When performing analyses we will often be interested in working with the person and observation period tables to identify individuals’ characteristics on some date of interest. PatientProfiles provides a number of functions that can help us do this.

1.2 Adding characteristics to OMOP CDM tables

Let’s say we’re working with the condition occurrence table.

cdm$condition_occurrence %>%
  glimpse()
## Rows: ??
## Columns: 6
## Database: DuckDB v0.10.0 [martics@Windows 10 x64:R 4.2.1/:memory:]
## $ condition_occurrence_id   <int> 1, 2, 3, 4, 5, 6, 7, 8, 9, 10, 11, 12, 13, 1…
## $ person_id                 <int> 1, 2, 3, 4, 5, 6, 7, 8, 9, 10, 11, 12, 13, 1…
## $ condition_concept_id      <int> 5, 4, 5, 3, 5, 5, 1, 2, 1, 5, 2, 5, 4, 3, 3,…
## $ condition_start_date      <date> 2010-03-04, 2009-04-11, 2006-12-02, 2012-06…
## $ condition_end_date        <date> 2010-12-09, 2011-11-29, 2007-07-24, 2014-03…
## $ condition_type_concept_id <dbl> 0, 0, 0, 0, 0, 0, 0, 0, 0, 0, 0, 0, 0, 0, 0,…

This table contains diagnoses of individuals and we might, for example, want to identify their age on their date of diagnosis.

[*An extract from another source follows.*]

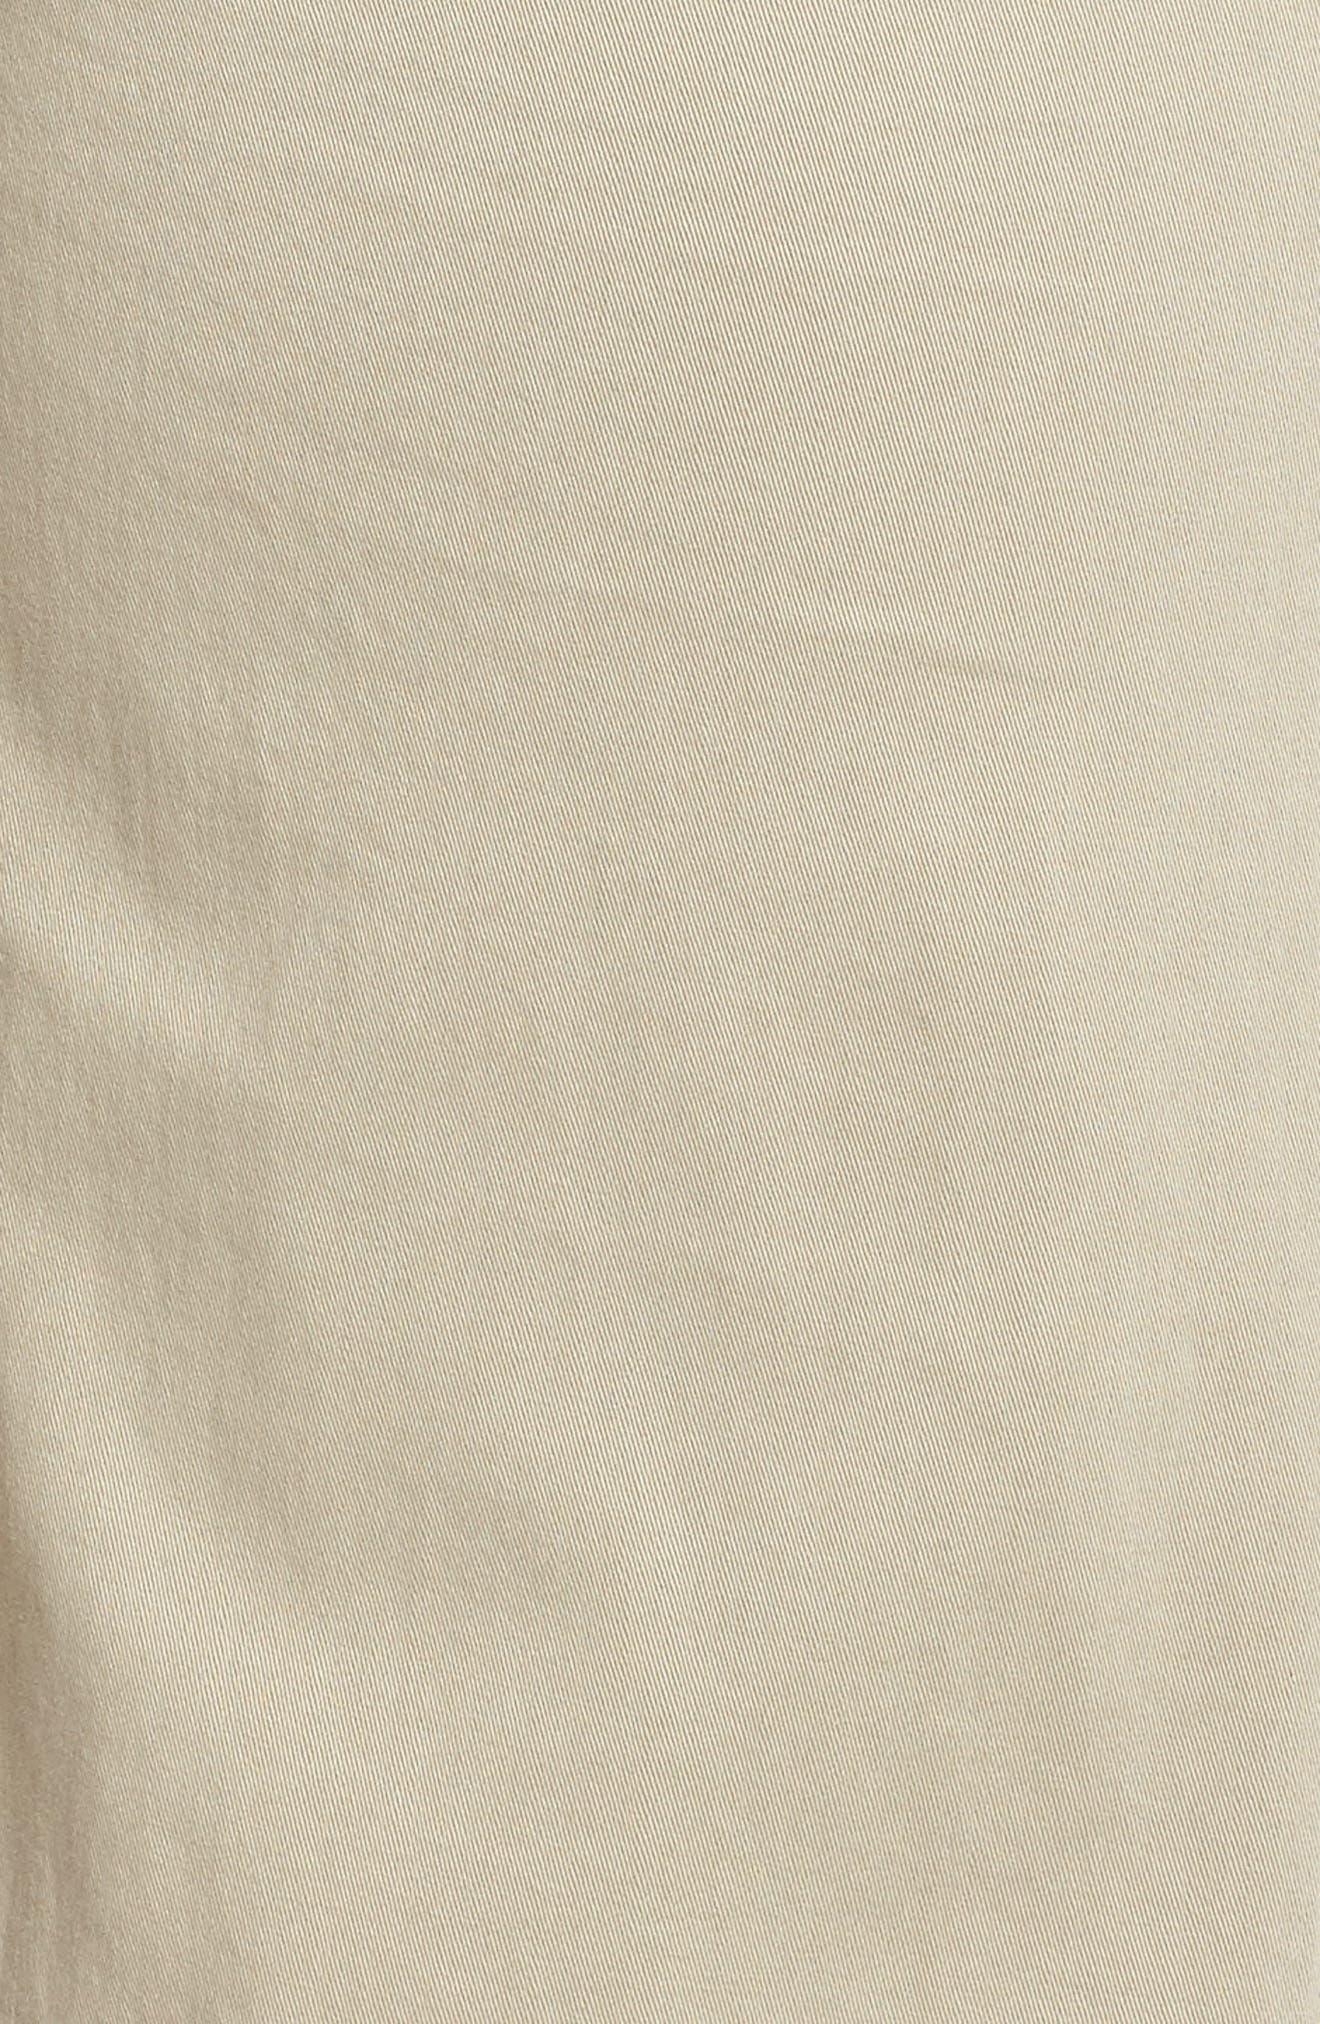 Wide Leg Stretch Cotton Twill Crop Pants,                             Alternate thumbnail 6, color,                             Tan Cobblestone

This involves linking back to the person table which contains their date of birth (split across three different columns). PatientProfiles provides a simple function for this. addAge() will add a new column to the table containing each patient’s age relative to the specified index date.

cdm$condition_occurrence <- cdm$condition_occurrence %>%
  addAge(indexDate = "condition_start_date")

cdm$condition_occurrence %>%
  glimpse()
## Rows: ??
## Columns: 7
## Database: DuckDB v0.10.0 [martics@Windows 10 x64:R 4.2.1/:memory:]
## $ condition_occurrence_id   <int> 1, 2, 3, 4, 5, 6, 7, 8, 9, 10, 11, 12, 13, 1…
## $ person_id                 <int> 1, 2, 3, 4, 5, 6, 7, 8, 9, 10, 11, 12, 13, 1…
## $ condition_concept_id      <int> 5, 4, 5, 3, 5, 5, 1, 2, 1, 5, 2, 5, 4, 3, 4,…
## $ condition_start_date      <date> 2010-03-04, 2009-04-11, 2006-12-02, 2012-06…
## $ condition_end_date        <date> 2010-12-09, 2011-11-29, 2007-07-24, 2014-03…
## $ condition_type_concept_id <dbl> 0, 0, 0, 0, 0, 0, 0, 0, 0, 0, 0, 0, 0, 0, 0,…
## $ age                       <dbl> 37, 10, 84, 37, 19, 88, 65, 56, 71, 30, 64, …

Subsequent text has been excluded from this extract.